- Provided material:
---+---

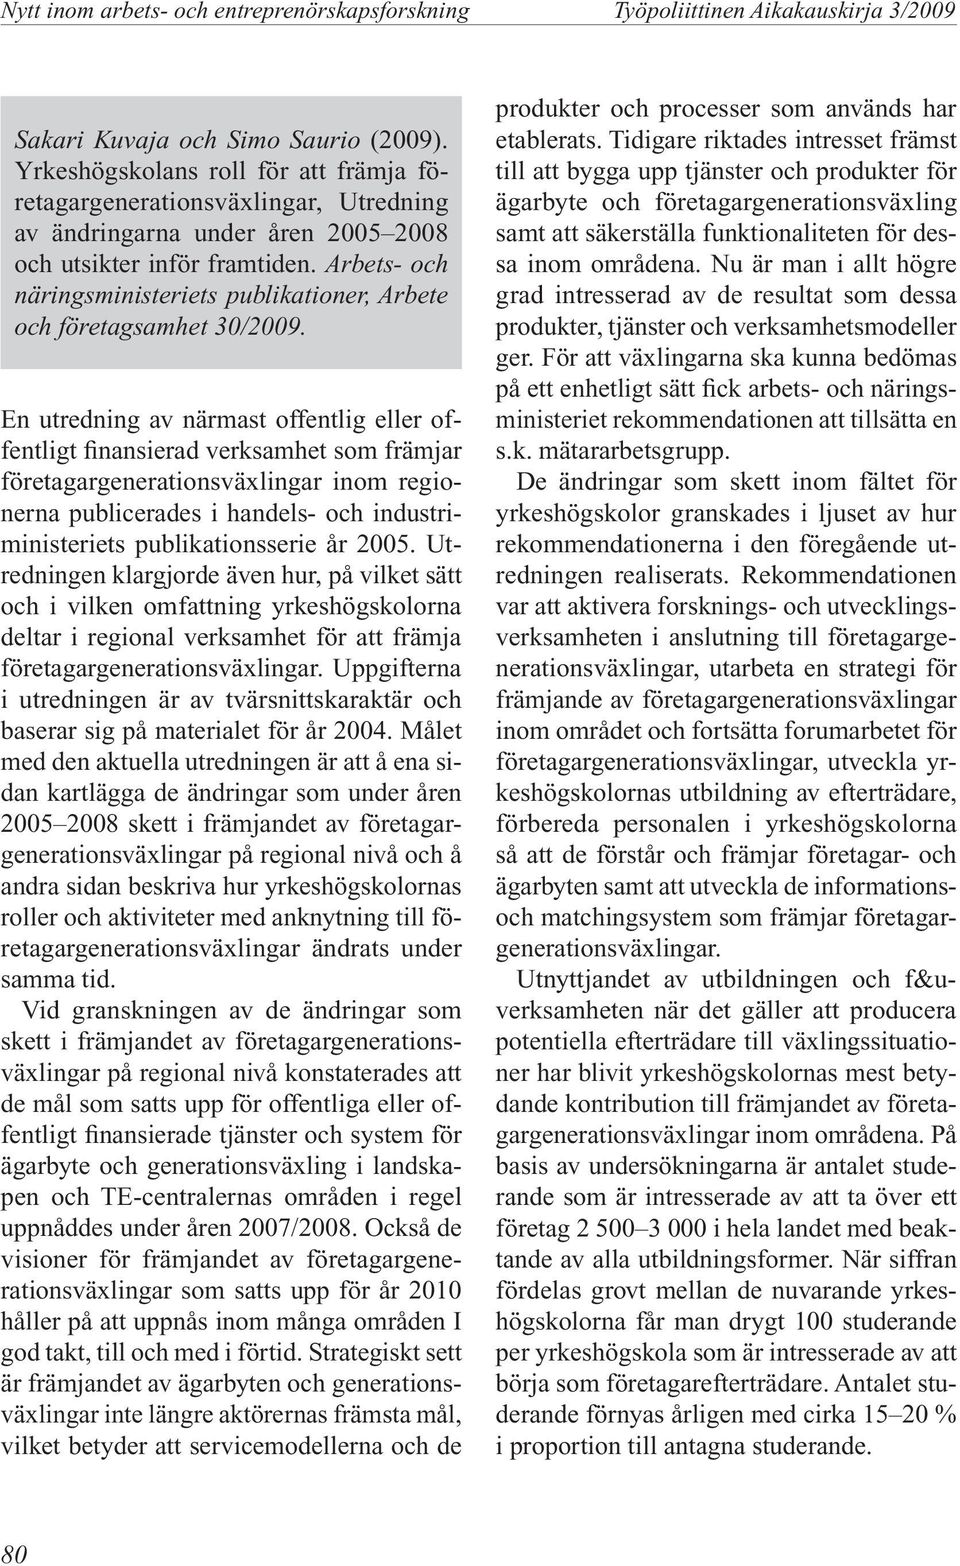 Arbets- och näringsministeriets publikationer, Arbete och företagsamhet 30/2009.
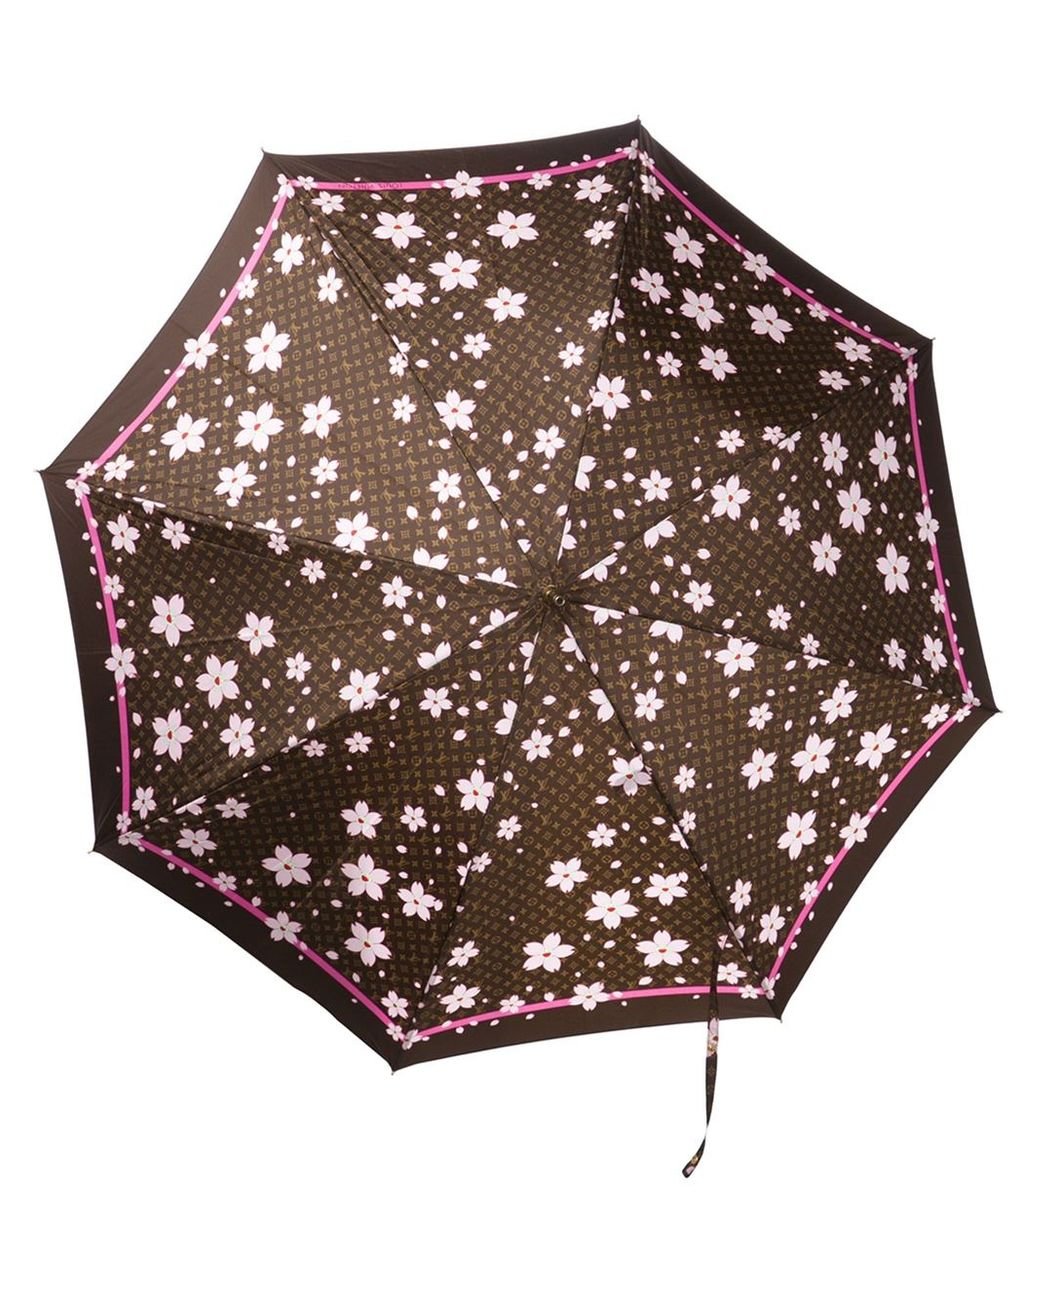 Auth Louis Vuitton Cherry Blossom Parapului Umbrella 1C100150n
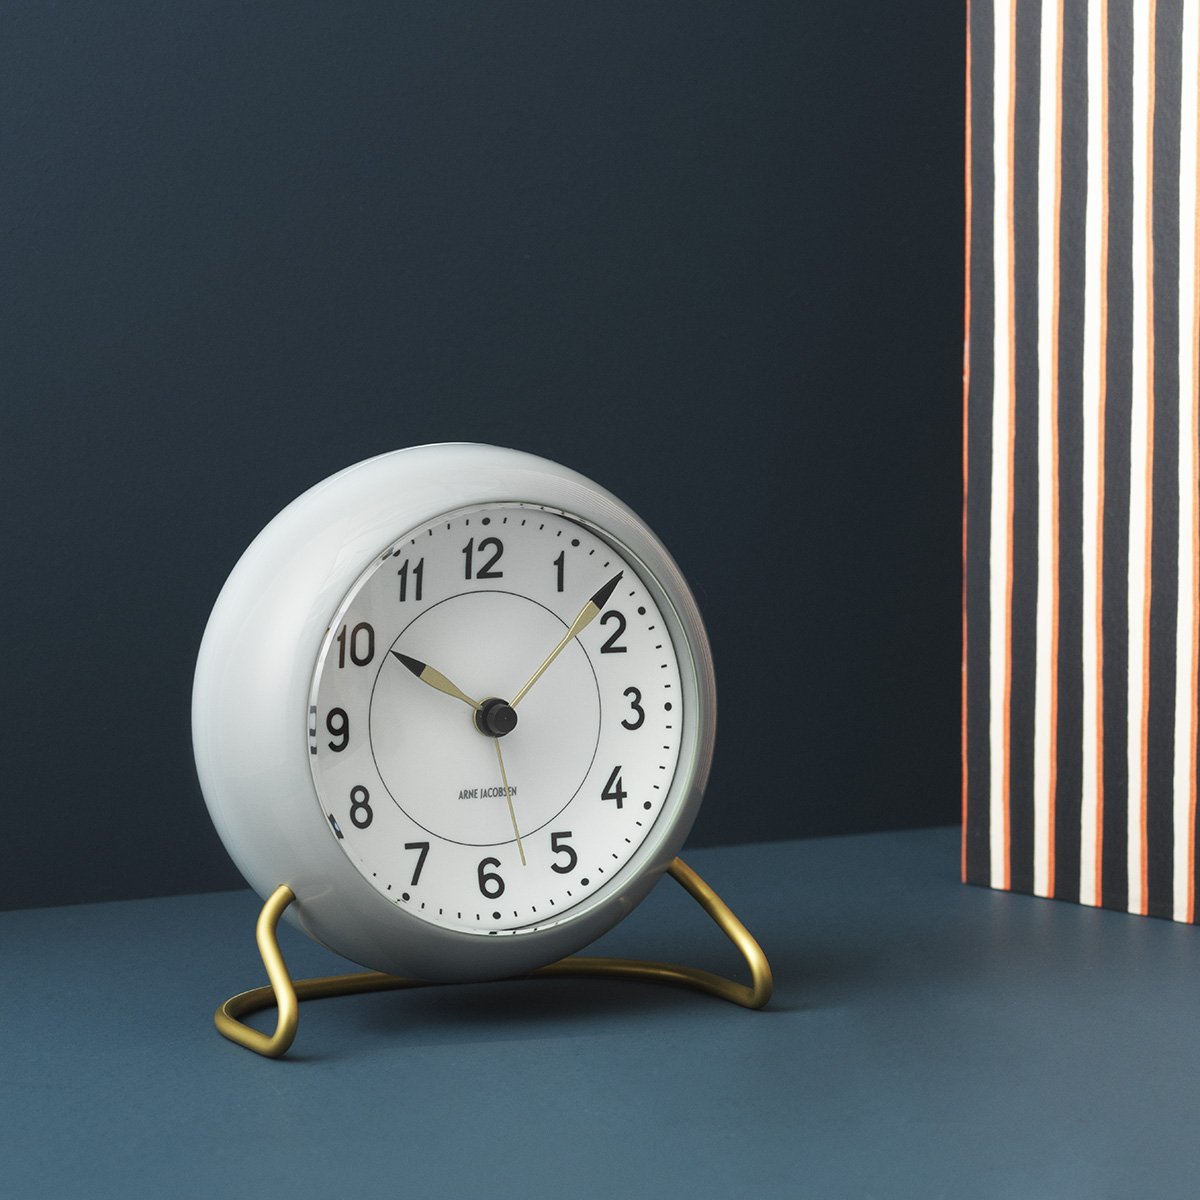 Arne Jacobsen Stasjon Bordur med alarmgrått og hvitt, 12cm

---+---

- Exercise aim:
Transcribe the listing word for word, but keep its pictures out of the copy.

- Final answer:
 Arbets- och näringsministeriets publikationer, Arbete och företagsamhet 30/2009.
 Auth Louis Vuitton Cherry Blossom Parapului Umbrella 1C100150n
 Arne Jacobsen Stasjon Bordur med alarmgrått og hvitt, 12cm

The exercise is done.